■ How to complete this task ■
Whatever precedes the line containing "Kitchen Design By" is not copied; that line and every line after it through the final one below are copied exactly, except pictures.

■ Provided data ■
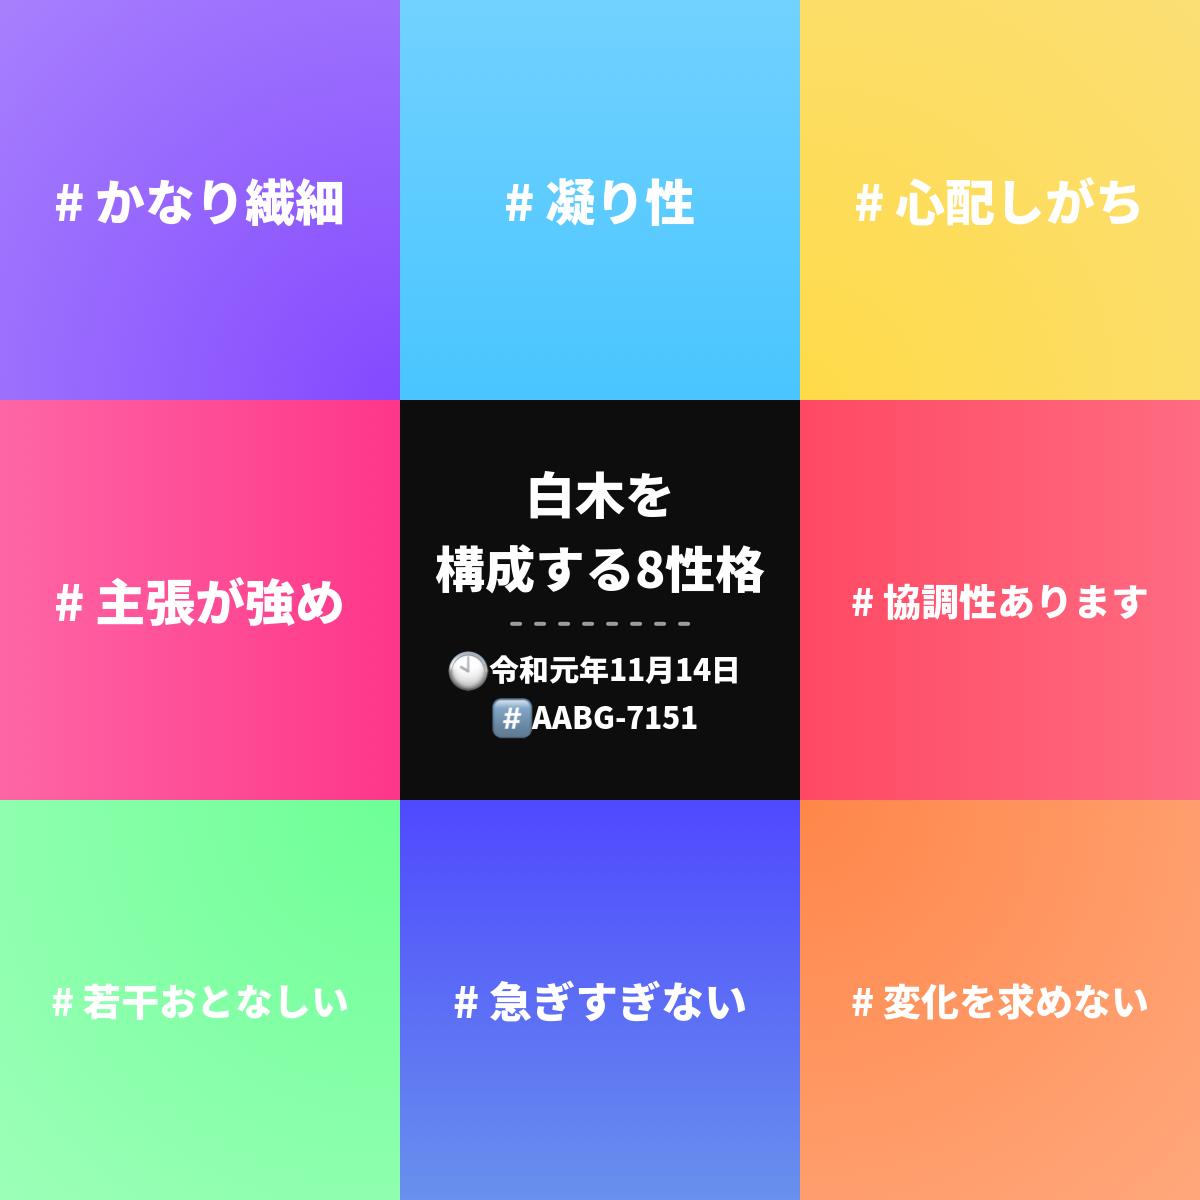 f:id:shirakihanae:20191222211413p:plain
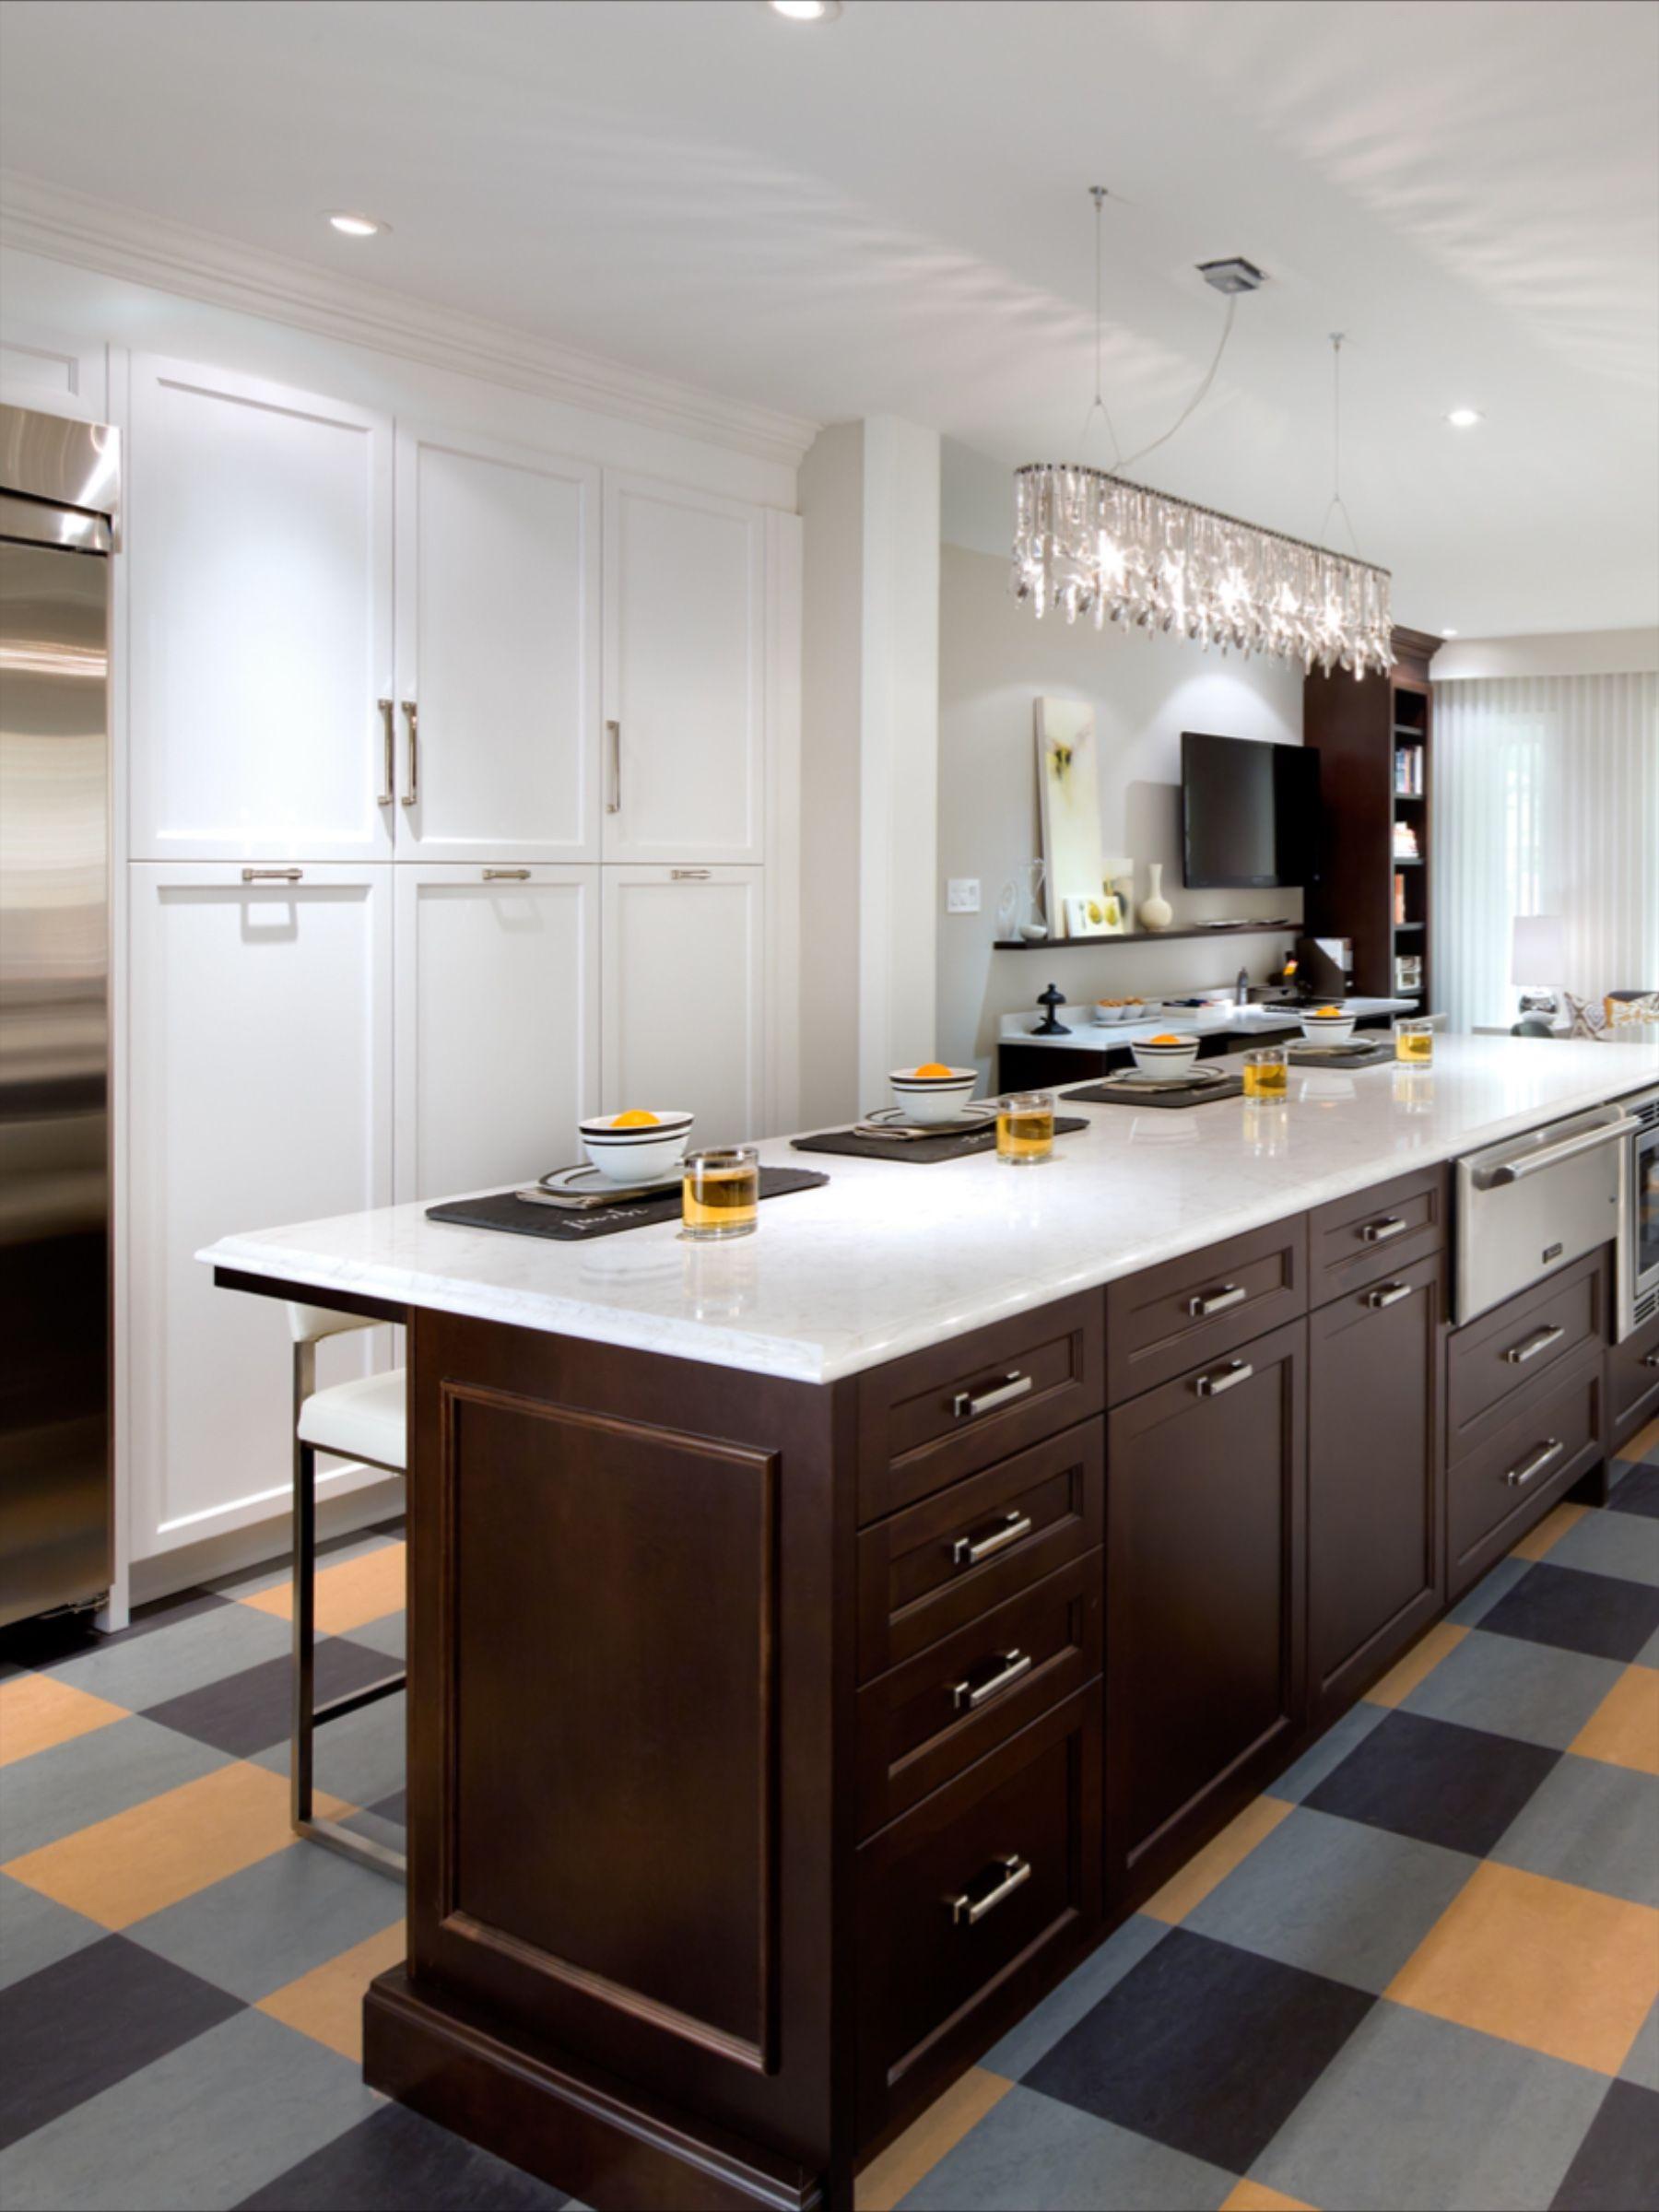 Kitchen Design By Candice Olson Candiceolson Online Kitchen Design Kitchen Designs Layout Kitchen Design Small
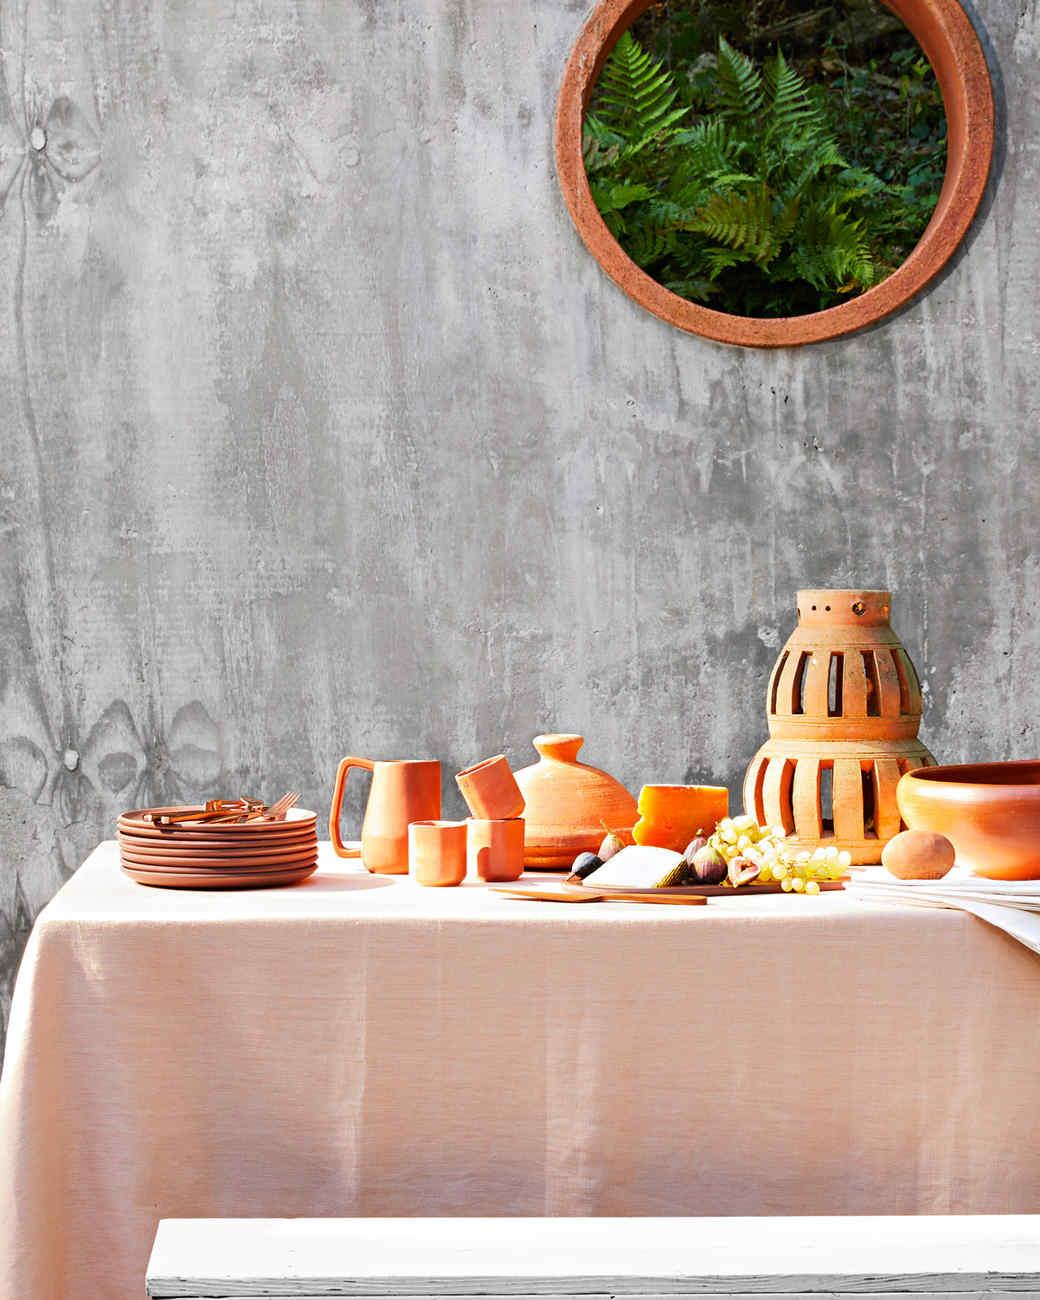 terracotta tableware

■ Written answer ■
 Kitchen Design By Candice Olson Candiceolson Online Kitchen Design Kitchen Designs Layout Kitchen Design Small
 terracotta tableware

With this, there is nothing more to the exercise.